*** Opening THE RECORDS ***

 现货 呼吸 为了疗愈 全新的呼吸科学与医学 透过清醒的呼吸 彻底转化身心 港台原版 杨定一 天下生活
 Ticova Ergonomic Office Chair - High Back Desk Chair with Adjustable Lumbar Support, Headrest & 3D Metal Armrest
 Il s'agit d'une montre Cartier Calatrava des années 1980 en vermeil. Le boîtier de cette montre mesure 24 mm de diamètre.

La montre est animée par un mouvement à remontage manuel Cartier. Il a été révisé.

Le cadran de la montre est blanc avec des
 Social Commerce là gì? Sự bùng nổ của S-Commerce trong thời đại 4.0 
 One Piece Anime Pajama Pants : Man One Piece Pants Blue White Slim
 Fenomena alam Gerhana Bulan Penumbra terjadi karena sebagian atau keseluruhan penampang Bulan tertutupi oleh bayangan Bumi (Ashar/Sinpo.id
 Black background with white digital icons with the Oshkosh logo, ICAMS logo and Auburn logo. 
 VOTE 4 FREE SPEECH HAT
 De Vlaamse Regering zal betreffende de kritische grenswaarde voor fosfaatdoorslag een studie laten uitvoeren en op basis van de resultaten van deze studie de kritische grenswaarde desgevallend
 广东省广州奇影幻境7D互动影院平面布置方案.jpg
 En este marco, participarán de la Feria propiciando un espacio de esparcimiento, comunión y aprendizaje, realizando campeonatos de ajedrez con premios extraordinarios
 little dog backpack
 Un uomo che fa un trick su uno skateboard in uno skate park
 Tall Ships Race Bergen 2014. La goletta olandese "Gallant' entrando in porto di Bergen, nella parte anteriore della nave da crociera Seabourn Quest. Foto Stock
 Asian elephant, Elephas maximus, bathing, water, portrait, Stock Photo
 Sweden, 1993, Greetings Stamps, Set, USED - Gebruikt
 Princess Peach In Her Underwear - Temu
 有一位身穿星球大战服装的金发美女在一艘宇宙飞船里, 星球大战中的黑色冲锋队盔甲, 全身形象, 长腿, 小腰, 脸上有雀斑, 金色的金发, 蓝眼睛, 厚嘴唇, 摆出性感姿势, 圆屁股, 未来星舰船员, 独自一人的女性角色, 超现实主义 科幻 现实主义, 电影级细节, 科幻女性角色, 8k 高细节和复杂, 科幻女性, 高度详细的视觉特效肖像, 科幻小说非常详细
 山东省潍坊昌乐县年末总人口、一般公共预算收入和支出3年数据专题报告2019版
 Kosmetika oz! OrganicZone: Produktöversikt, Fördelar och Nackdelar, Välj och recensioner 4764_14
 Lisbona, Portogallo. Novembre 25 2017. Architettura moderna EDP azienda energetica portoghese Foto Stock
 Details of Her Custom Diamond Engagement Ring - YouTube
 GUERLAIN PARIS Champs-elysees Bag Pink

*** Closing THE RECORDS ***

* **HOW TO COMPLETE THIS TASK**
In full and without error, retype the entries above.

* **RESPONSE BELOW**
 现货 呼吸 为了疗愈 全新的呼吸科学与医学 透过清醒的呼吸 彻底转化身心 港台原版 杨定一 天下生活
 Ticova Ergonomic Office Chair - High Back Desk Chair with Adjustable Lumbar Support, Headrest & 3D Metal Armrest
 Il s'agit d'une montre Cartier Calatrava des années 1980 en vermeil. Le boîtier de cette montre mesure 24 mm de diamètre.

La montre est animée par un mouvement à remontage manuel Cartier. Il a été révisé.

Le cadran de la montre est blanc avec des
 Social Commerce là gì? Sự bùng nổ của S-Commerce trong thời đại 4.0 
 One Piece Anime Pajama Pants : Man One Piece Pants Blue White Slim
 Fenomena alam Gerhana Bulan Penumbra terjadi karena sebagian atau keseluruhan penampang Bulan tertutupi oleh bayangan Bumi (Ashar/Sinpo.id
 Black background with white digital icons with the Oshkosh logo, ICAMS logo and Auburn logo. 
 VOTE 4 FREE SPEECH HAT
 De Vlaamse Regering zal betreffende de kritische grenswaarde voor fosfaatdoorslag een studie laten uitvoeren en op basis van de resultaten van deze studie de kritische grenswaarde desgevallend
 广东省广州奇影幻境7D互动影院平面布置方案.jpg
 En este marco, participarán de la Feria propiciando un espacio de esparcimiento, comunión y aprendizaje, realizando campeonatos de ajedrez con premios extraordinarios
 little dog backpack
 Un uomo che fa un trick su uno skateboard in uno skate park
 Tall Ships Race Bergen 2014. La goletta olandese "Gallant' entrando in porto di Bergen, nella parte anteriore della nave da crociera Seabourn Quest. Foto Stock
 Asian elephant, Elephas maximus, bathing, water, portrait, Stock Photo
 Sweden, 1993, Greetings Stamps, Set, USED - Gebruikt
 Princess Peach In Her Underwear - Temu
 有一位身穿星球大战服装的金发美女在一艘宇宙飞船里, 星球大战中的黑色冲锋队盔甲, 全身形象, 长腿, 小腰, 脸上有雀斑, 金色的金发, 蓝眼睛, 厚嘴唇, 摆出性感姿势, 圆屁股, 未来星舰船员, 独自一人的女性角色, 超现实主义 科幻 现实主义, 电影级细节, 科幻女性角色, 8k 高细节和复杂, 科幻女性, 高度详细的视觉特效肖像, 科幻小说非常详细
 山东省潍坊昌乐县年末总人口、一般公共预算收入和支出3年数据专题报告2019版
 Kosmetika oz! OrganicZone: Produktöversikt, Fördelar och Nackdelar, Välj och recensioner 4764_14
 Lisbona, Portogallo. Novembre 25 2017. Architettura moderna EDP azienda energetica portoghese Foto Stock
 Details of Her Custom Diamond Engagement Ring - YouTube
 GUERLAIN PARIS Champs-elysees Bag Pink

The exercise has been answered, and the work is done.